== Segment start ==
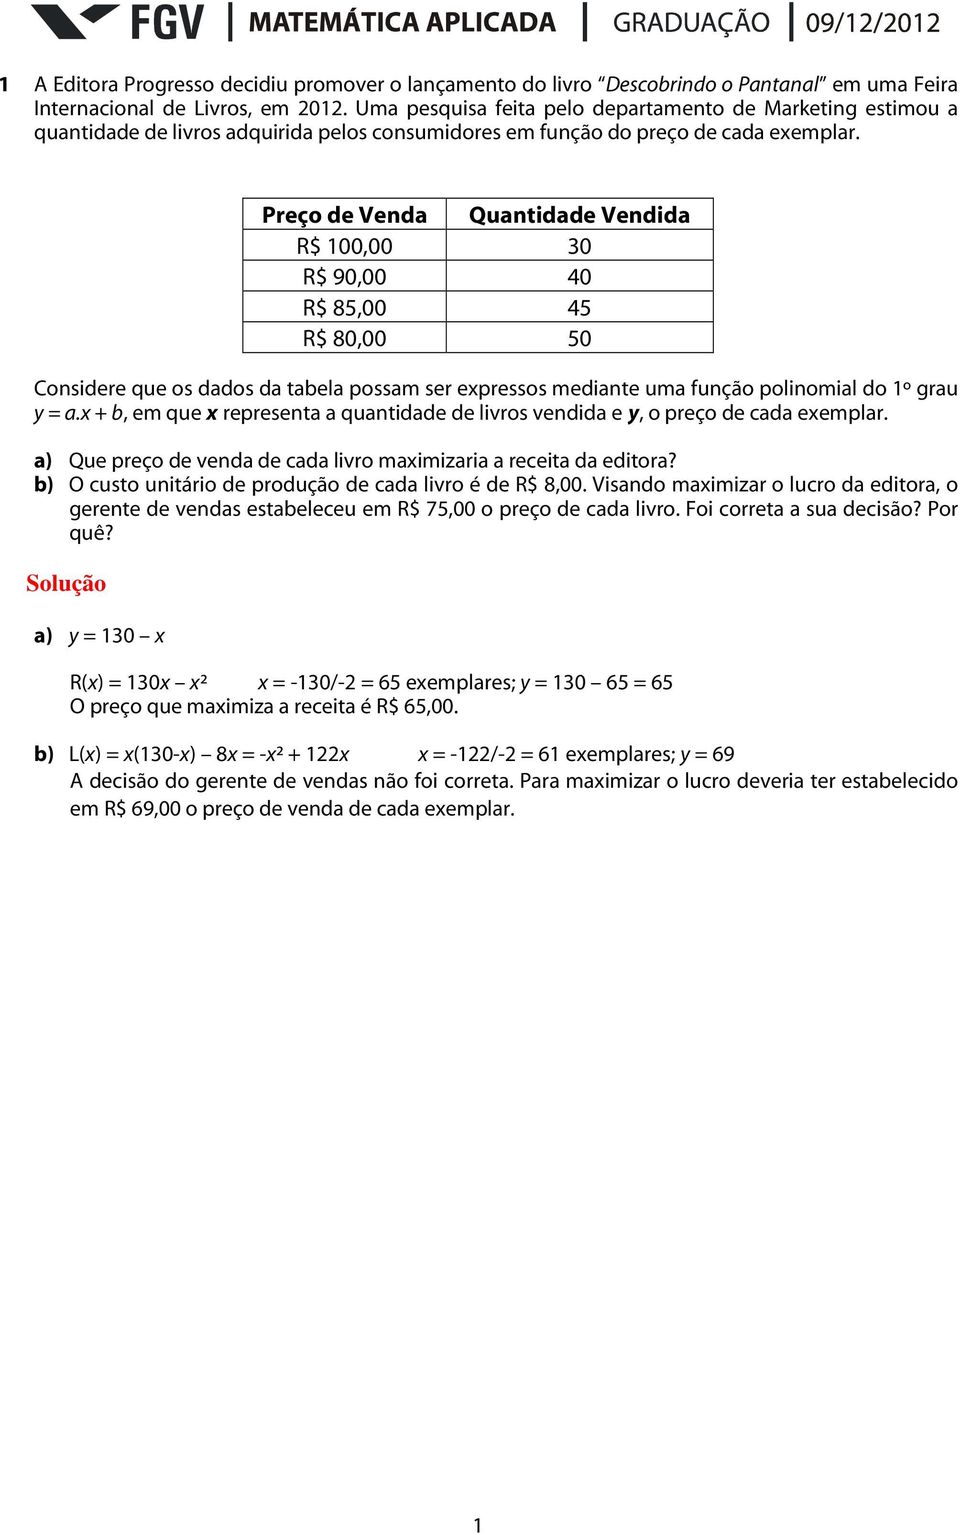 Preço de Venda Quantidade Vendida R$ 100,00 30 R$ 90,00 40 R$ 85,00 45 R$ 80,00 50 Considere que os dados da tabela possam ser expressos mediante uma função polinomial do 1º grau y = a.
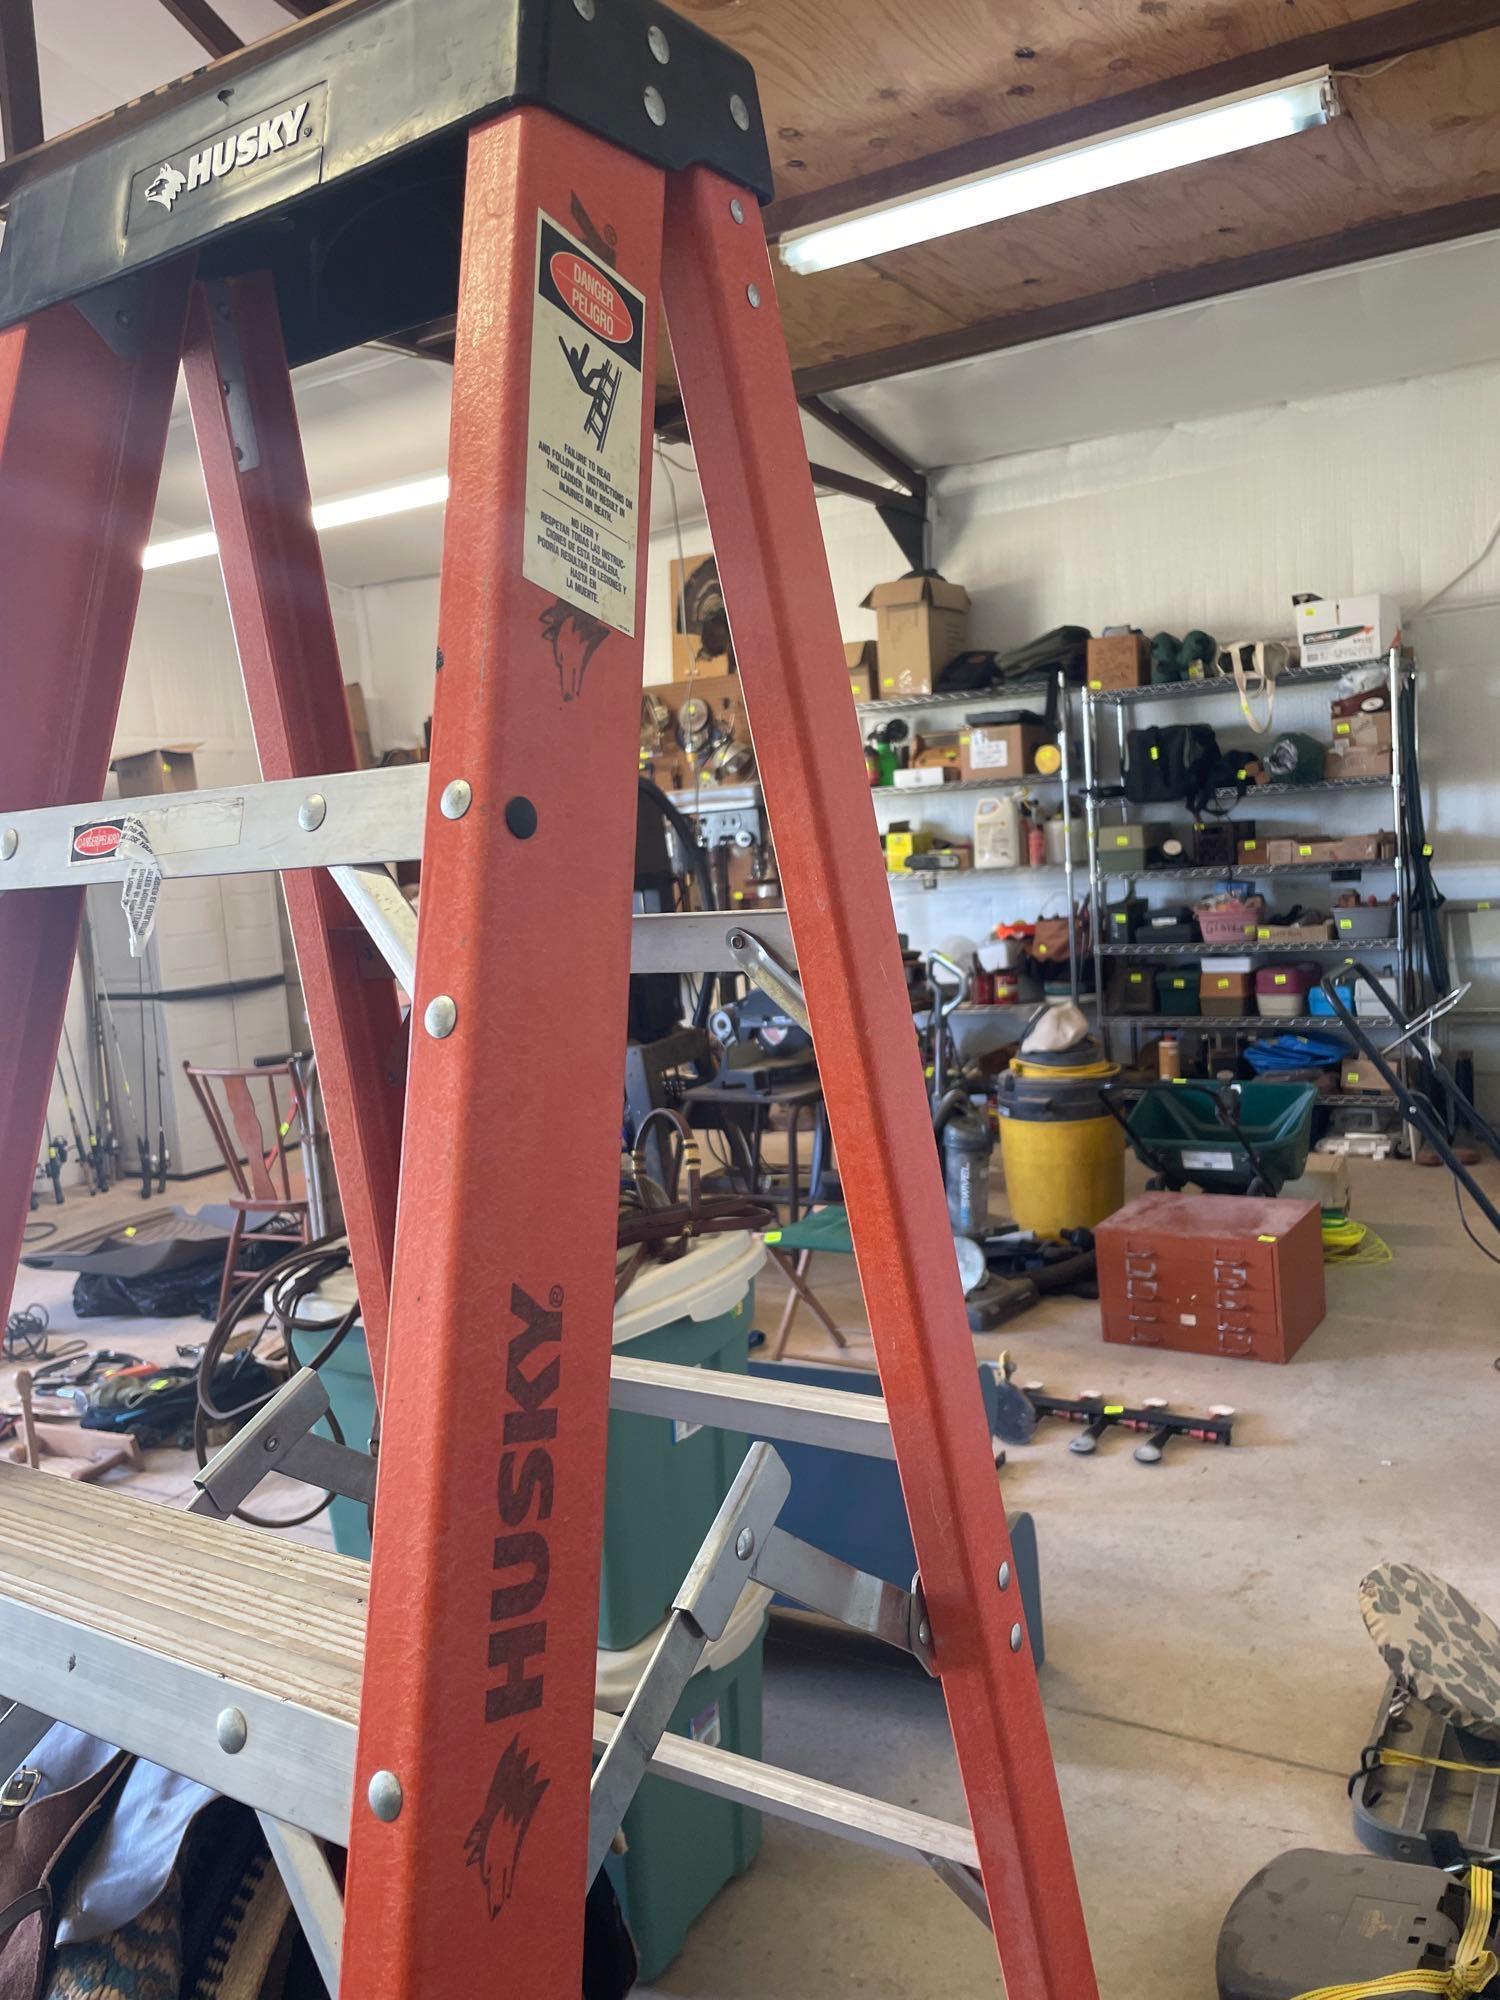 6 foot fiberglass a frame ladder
== Segment end ==
== Segment start ==
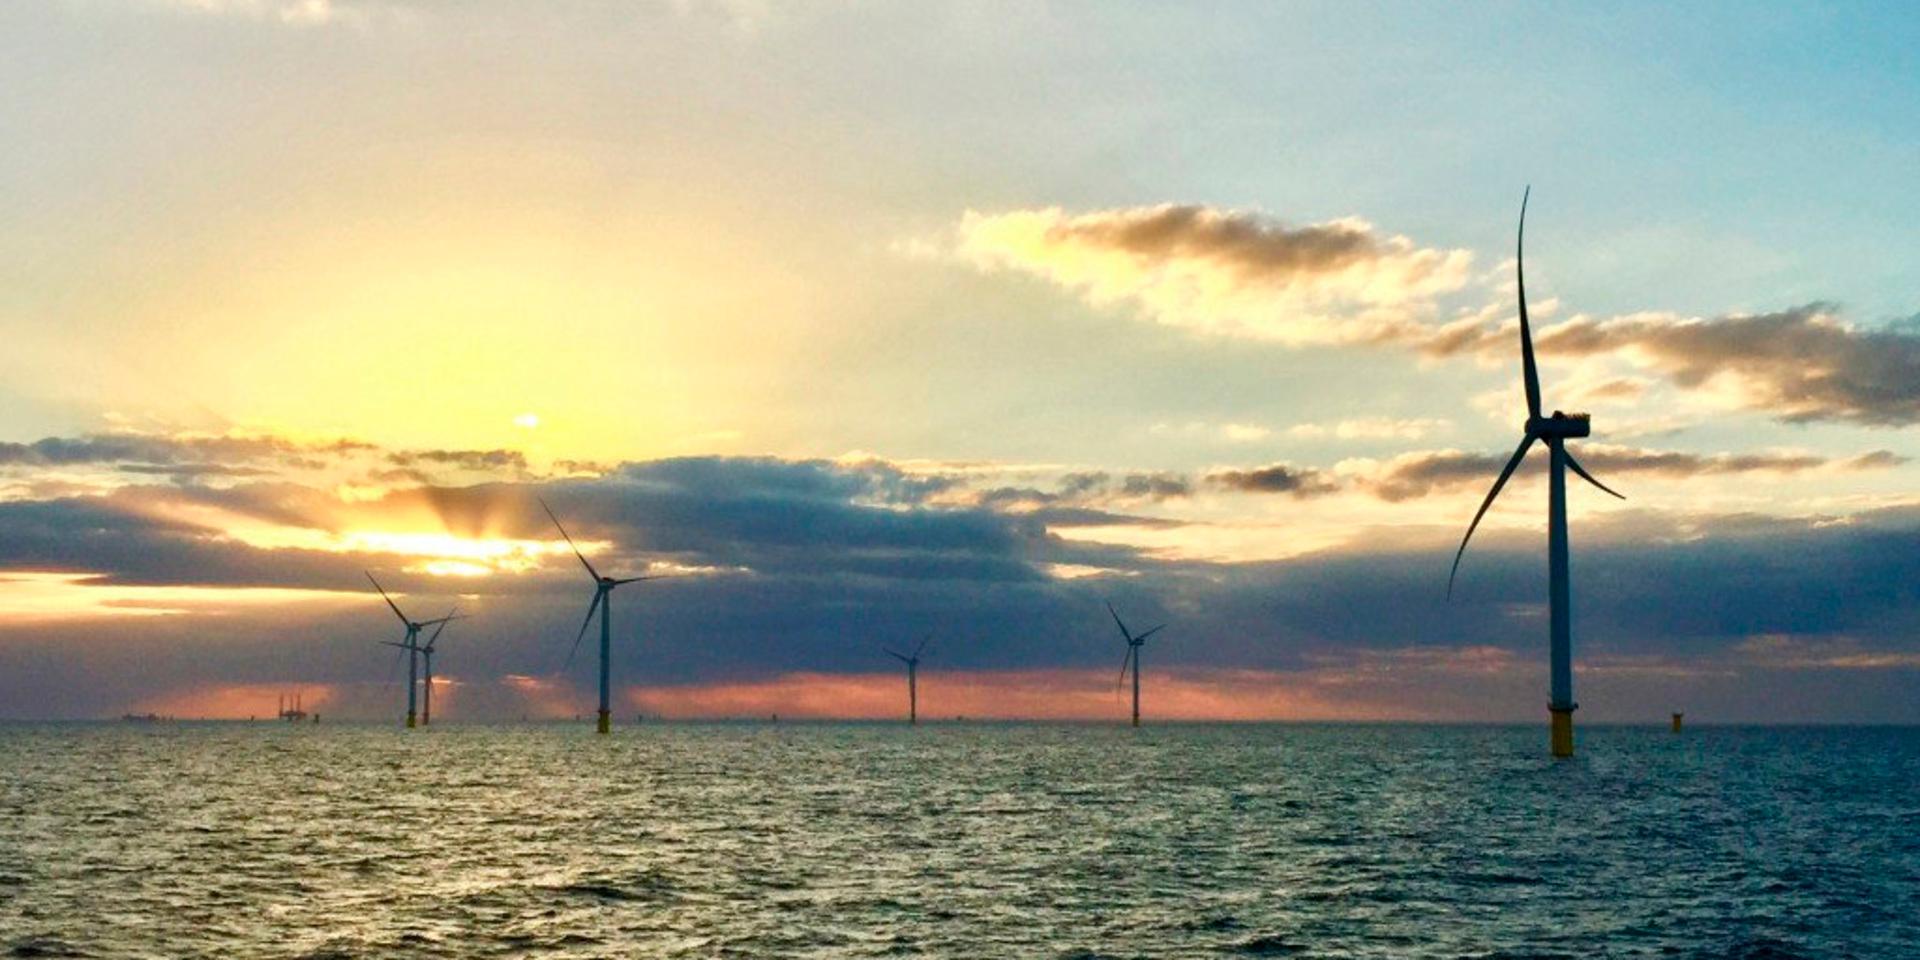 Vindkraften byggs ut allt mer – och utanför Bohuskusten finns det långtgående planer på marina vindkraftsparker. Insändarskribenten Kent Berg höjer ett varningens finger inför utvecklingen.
== Segment end ==
- THE TASK: Word for word, restate the lines above from the one with "Preço de Venda" through the one with "6 foot fiberglass a frame ladder", keeping both ends and dropping the pictures.

- ANSWER TO THE EXERCISE:
 Preço de Venda Quantidade Vendida R$ 100,00 30 R$ 90,00 40 R$ 85,00 45 R$ 80,00 50 Considere que os dados da tabela possam ser expressos mediante uma função polinomial do 1º grau y = a.
 6 foot fiberglass a frame ladder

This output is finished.